Top of DATASET CONTENT

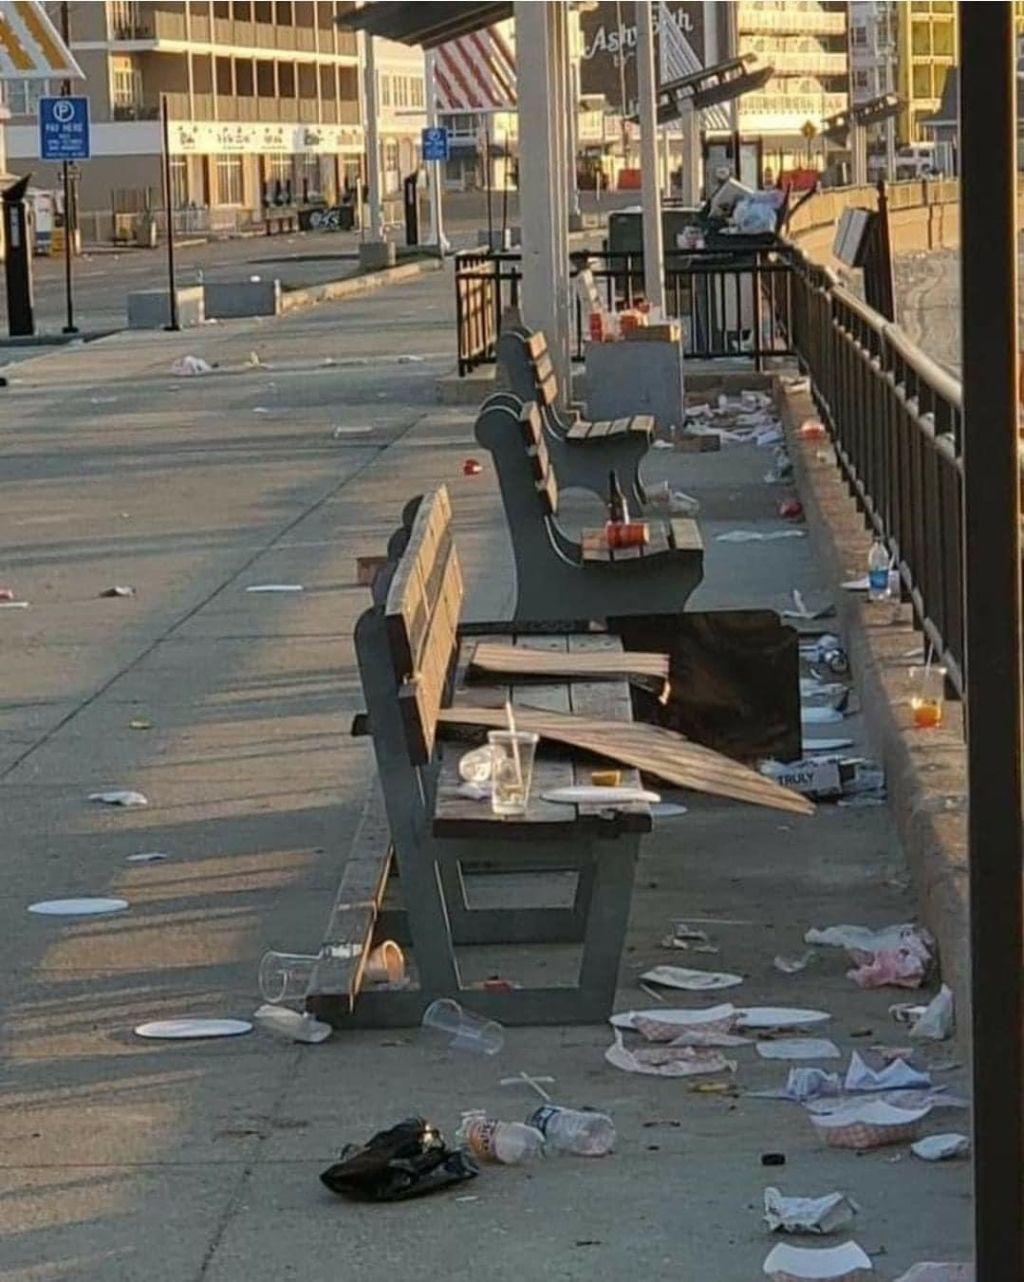 Ocean Blvd. trash
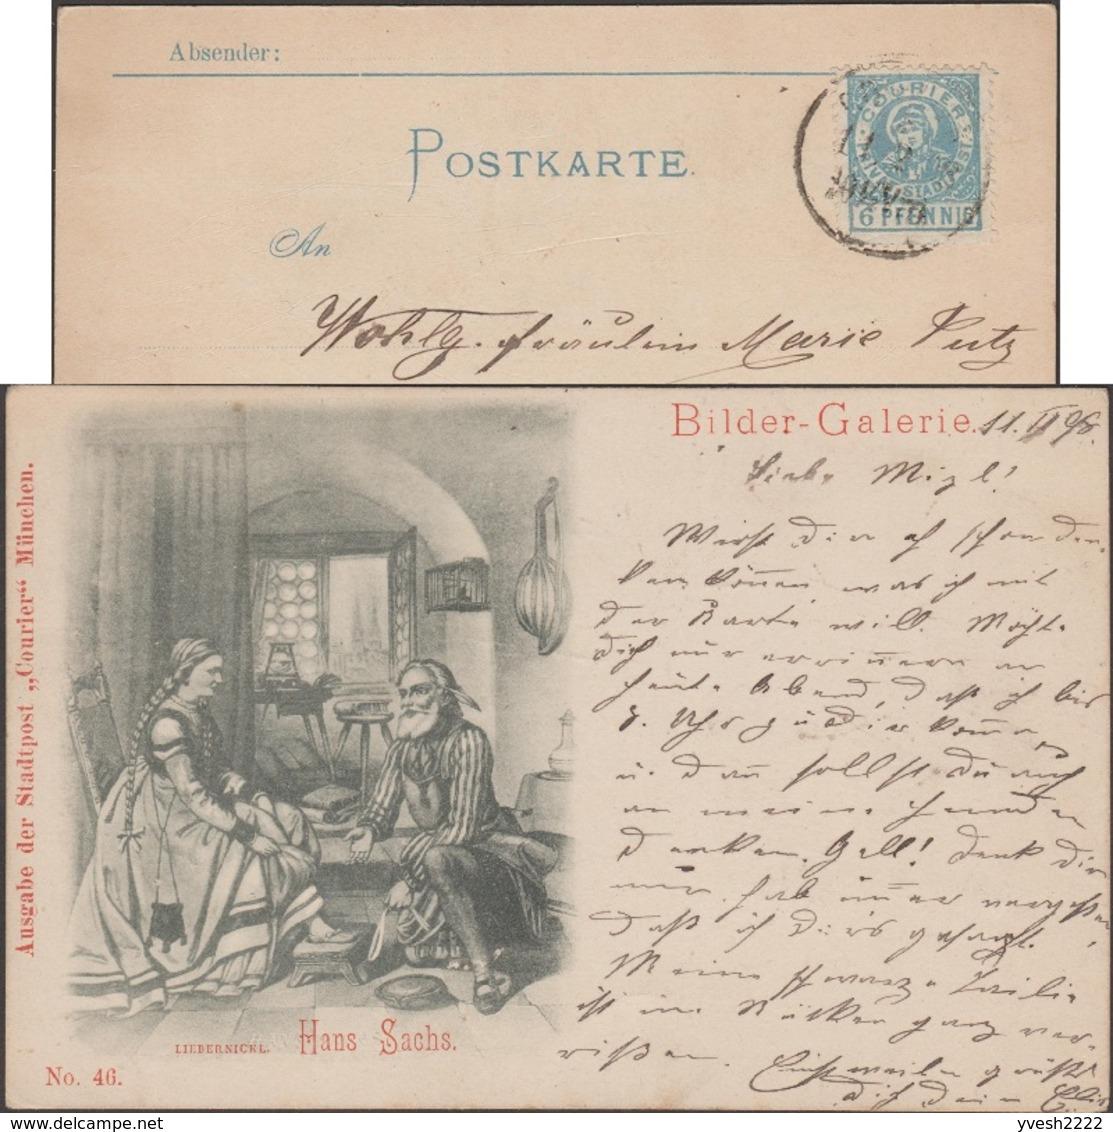 München 1898. Poste Privée Courier De Munich. Hans Sachs, Poète, Apprenti Cordonnier, Jeux De Carnaval, Luth Au Mur Cage - Musique
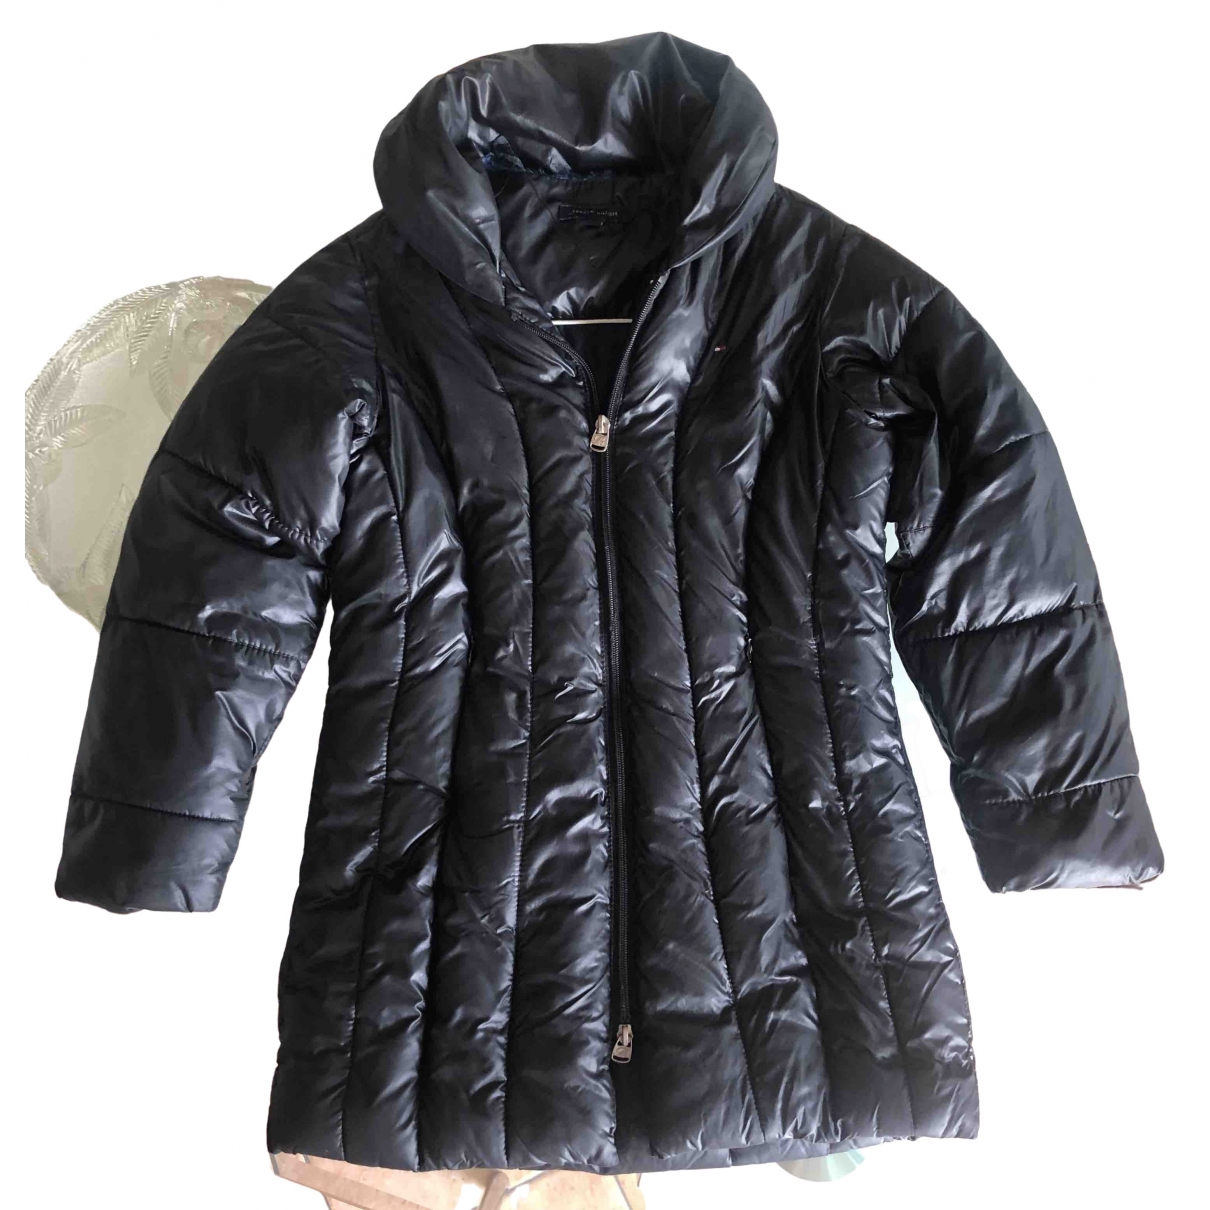 Tommy Hilfiger - Blousons.Manteaux   pour enfant - noir
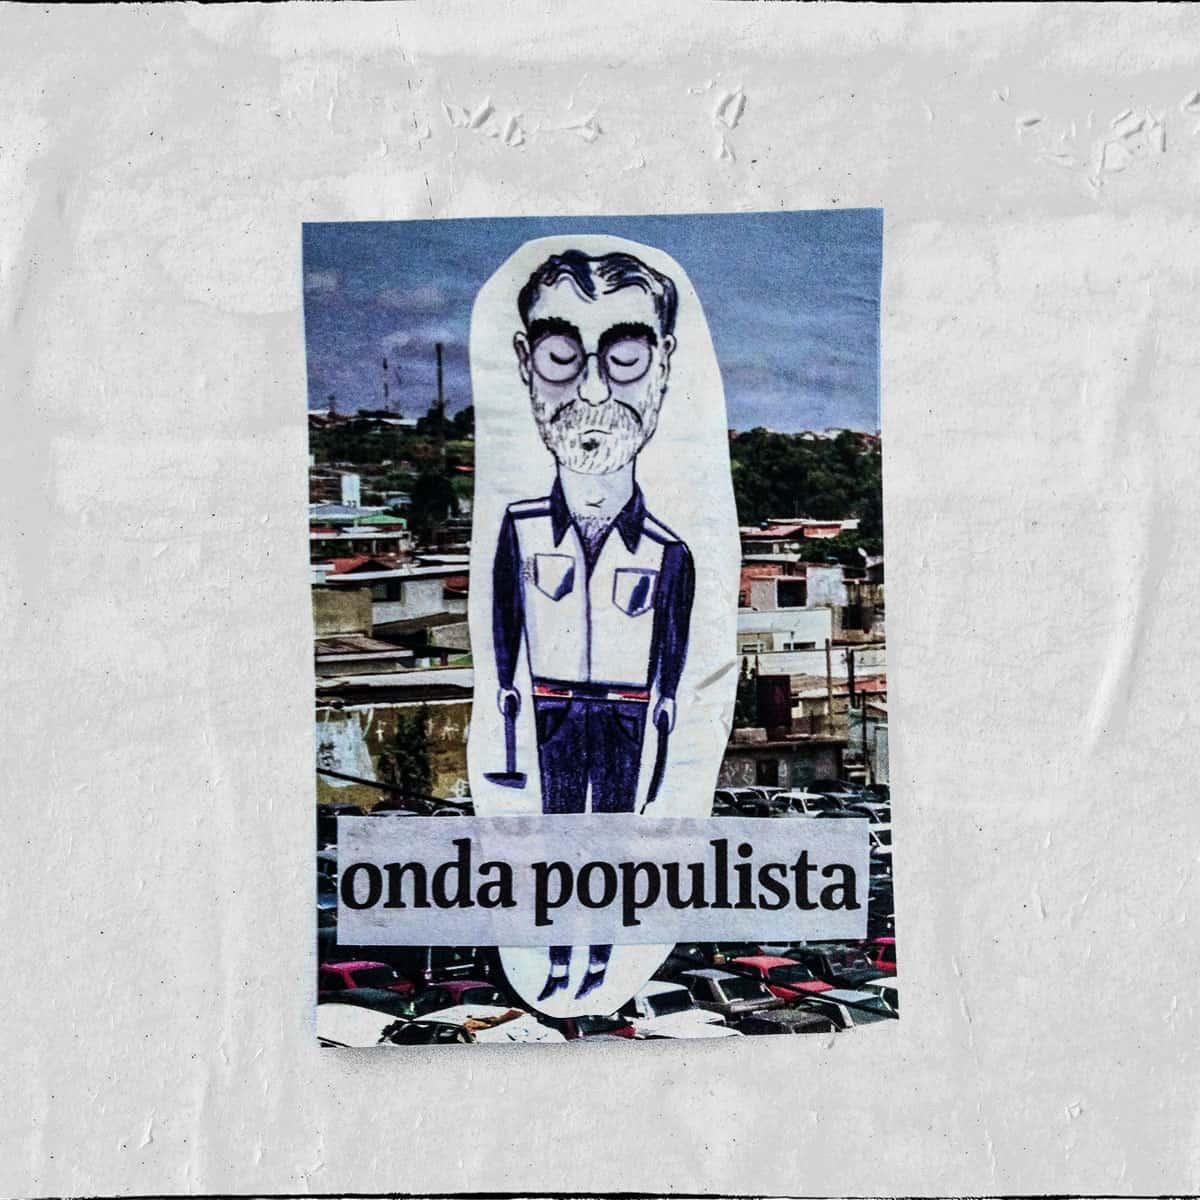 Cartões 18 de janeiro, Colagem — ColetivoPolvora Folha Piauí 18 de janeiro5

Bottom of DATASET CONTENT

• **PROBLEM REQUIREMENTS**: All of the data is to be transcribed exactly, with images omitted.

• **TASK OUTPUT**:
 Ocean Blvd. trash
 München 1898. Poste Privée Courier De Munich. Hans Sachs, Poète, Apprenti Cordonnier, Jeux De Carnaval, Luth Au Mur Cage - Musique
 Tommy Hilfiger - Blousons.Manteaux   pour enfant - noir
 Cartões 18 de janeiro, Colagem — ColetivoPolvora Folha Piauí 18 de janeiro5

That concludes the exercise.